Sterling tracked the global risk rally early on Monday, with cable firming back toward the mid-1.34s as the dollar softened, before retracing overnight. As we have argued previously, however, the pound is not pricing the political risk we see building, leaving sterling scanning as overvalued at present. The government remains in disarray after last week's resignations of Defence Secretary John Healey, and focus now shifts to Thursday's Makerfield by-election, where Greater Manchester mayor Andy Burnham is strongly favoured to win. This, we think, helps explain the pound’s underperformance on crosses yesterday, with GBPEUR slipping several tenths despite the lack of an obvious catalyst. And that is all before considering a Bank Rate decision later this week, too. With the BoE and the by-election landing the same day, and May CPI in between, we continue to think the risks to sterling are skewed to the downside.

CAD

The loonie's tug-of-war continued on Monday, ultimately ending in a stalemate, with neither risk conditions nor oil prices able to durably dictate direction.
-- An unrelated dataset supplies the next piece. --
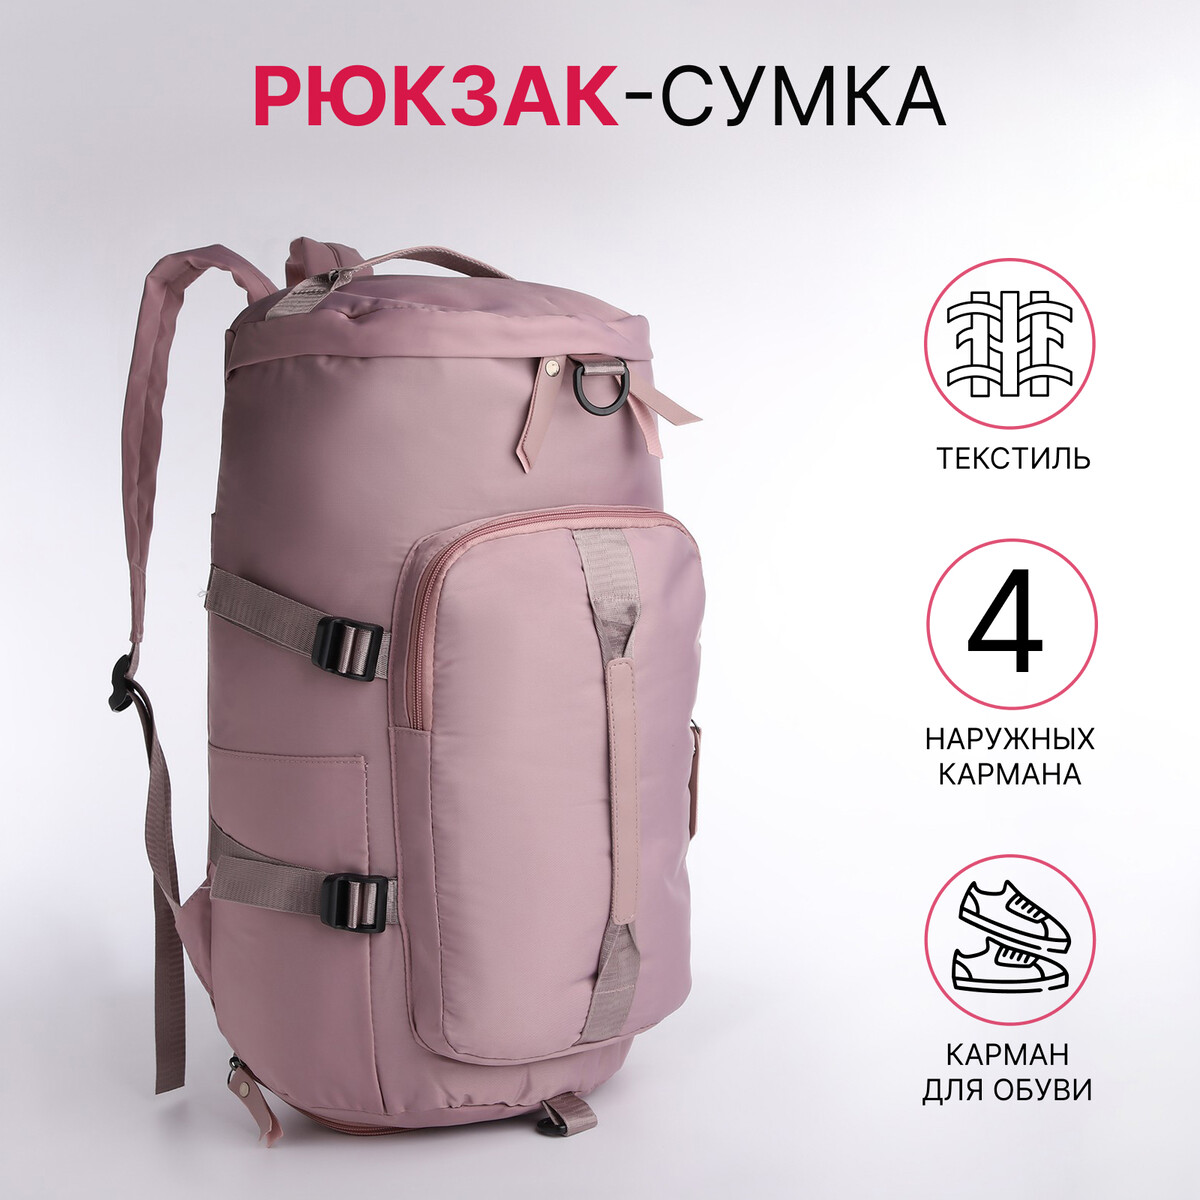 Рюкзак-сумка на молнии, 4 наружных кармана, отделение для обуви, цвет розовый No brand

With the domestic calendar empty and the next BoC meeting not until 15 July, external forces remain firmly in charge. The near-term path hinges on the US-Iran deal: a credible reopening would likely take USDCAD lower, albeit with loonie upside limited by lower oil, whereas any unravelling would revive the safe-haven dollar and put a sustained move above 1.40 back in view. With markets also braced for a hawkish hold from the Fed tomorrow, we doubt the loonie can extend yesterday's gains - we look for USDCAD to continue flirting with 1.40 until a credible peace deal is agreed.